General Motors is adjusting its financial forecasts for 2024 following impressive second-quarter results that exceeded Wall Street’s expectations. The Detroit-based company has raised its anticipated adjusted earnings for the year to a range of $13 billion to $15 billion, an increase from the previous estimate of $12.5 billion to $14.5 billion. Additionally, GM updated its projections for operating cash flow and earnings per share, while slightly lowering the expected net income attributable to shareholders by under 1%, bringing it to between $10 billion and $11.4 billion.

For the second quarter, GM reported revenue of $47.9 billion, marking a more than 7% rise from the same period last year and surpassing Wall Street’s anticipated $45 billion, according to FactSet estimates. Earnings per share reached $3.06, exceeding the $2.71 forecast by analysts and representing a 60% increase compared to 2023. The company’s net income rose 14% to $2.9 billion, up from $2.5 billion.

In pre-market trading on Tuesday, GM shares surged nearly 5%, with the stock up over 37% so far this year. The company also declared a third-quarter cash dividend, which contributed to the stock’s rally.

In a letter to shareholders, CEO Mary Barra highlighted the success of GM’s gas-powered trucks and SUVs, mentioning plans to launch eight new or redesigned models in North America. She also addressed the ramp-up in production of the electric Chevrolet Equinox, expressing that while GM is enthusiastic about its electric vehicles (EVs) and early successes, it remains dedicated to disciplined volume growth.

Earlier this month, Barra acknowledged that GM would not meet its target of producing 1 million electric vehicles in North America by the end of 2025 due to a slowdown in the market. She emphasized the company’s flexibility to “build to demand,” although EV sales did see growth in the last quarter.
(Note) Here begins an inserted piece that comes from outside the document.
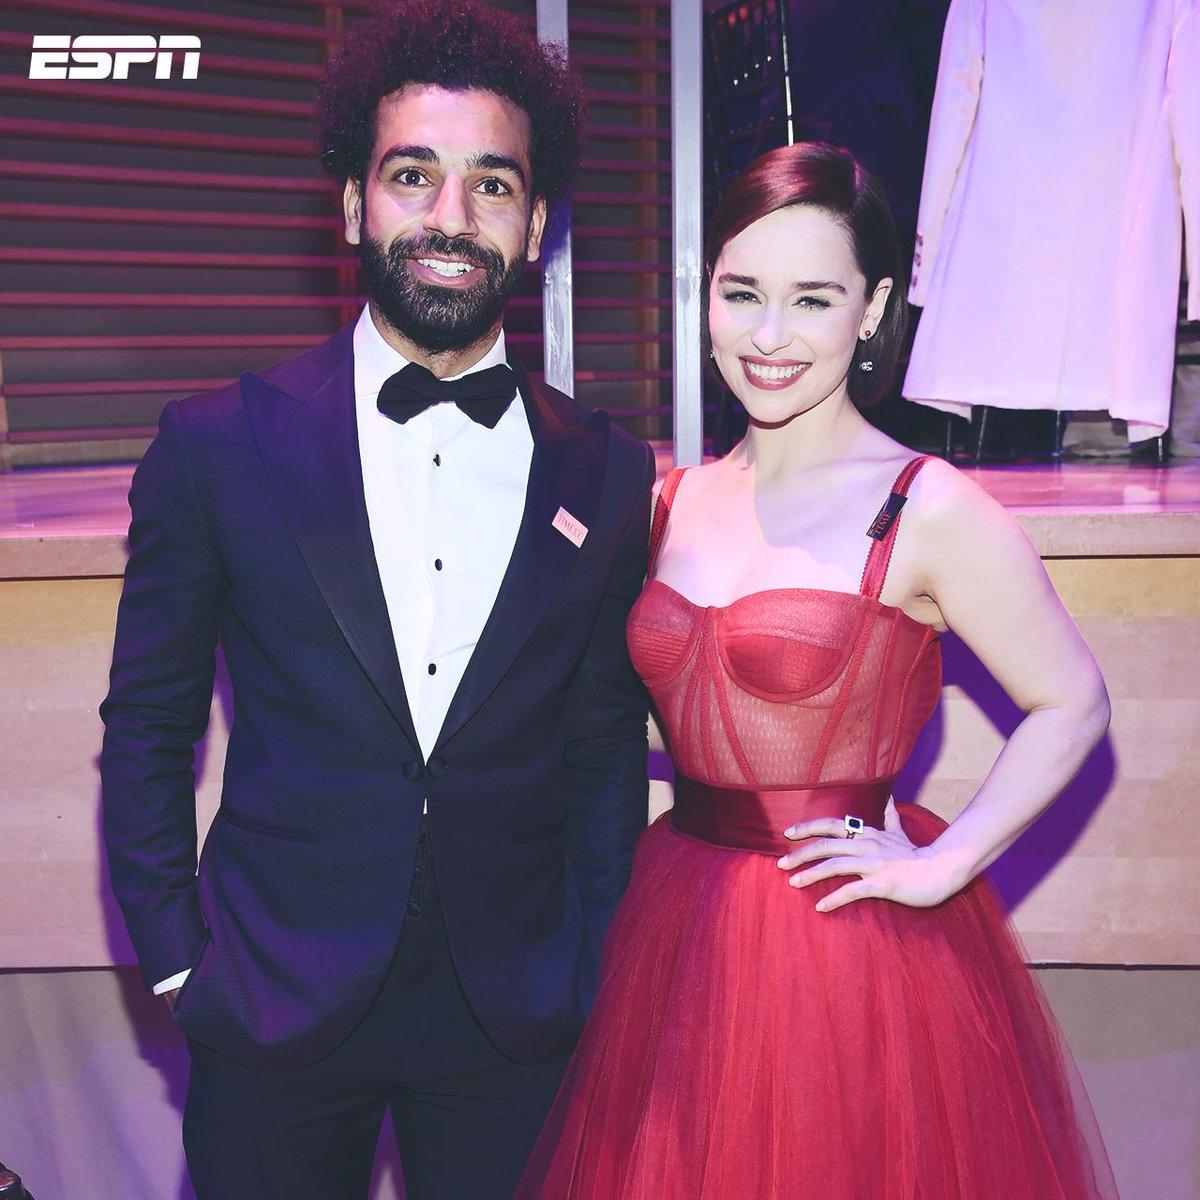 ¡Que dupla! 📸 Mohamed Salah se dio una escapada a la gala de la revista Time y se puso al servicio de la Reina Daenerys Targaryen previo a la Gran Batalla de Winterfell 😯 ¿Qué título le pondrían a la foto?

Furthermore, Barra revealed that Cruise, GM’s self-driving division which previously scaled back operations after an incident last October, would discontinue its Origin vehicle. Instead, Cruise will focus on utilizing the next-generation Chevrolet Bolt for testing its vehicles in Texas and Arizona. GM incurred a $600 million charge related to the suspension of Origin production in Detroit.
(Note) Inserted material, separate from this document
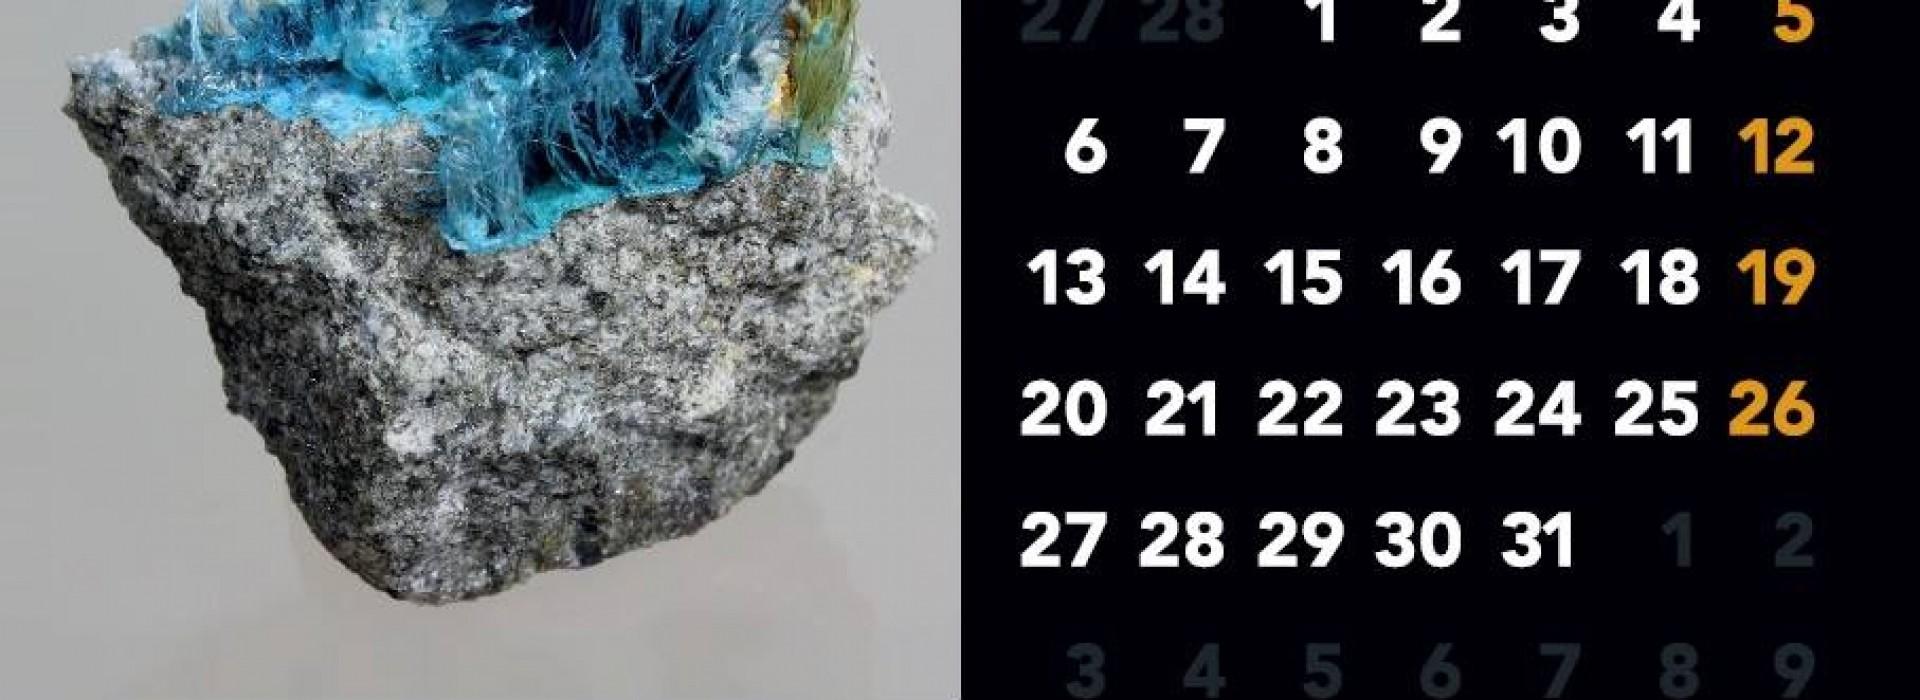 Calendari de sobretaula GMC 2017

During a conference call with analysts, Barra stated that using the Bolt would help mitigate any regulatory concerns regarding the unique design features of the Origin, such as the absence of a steering wheel. This transition will also reduce per-unit costs and enable GM to optimize its resources.

“Our vision to transform mobility through autonomous technology remains unchanged, and each mile traveled and simulation brings us closer because Cruise is an AI-first company,” Barra said.

In addition, GM aims to restructure its joint venture with SAIC Motor in China due to ongoing losses. The company reported a $104 million loss for the second quarter, with SAIC-GM having cut production by 70% in June, resulting in the delivery of only 26,000 vehicles—50% less than the previous year, as reported by Automotive News.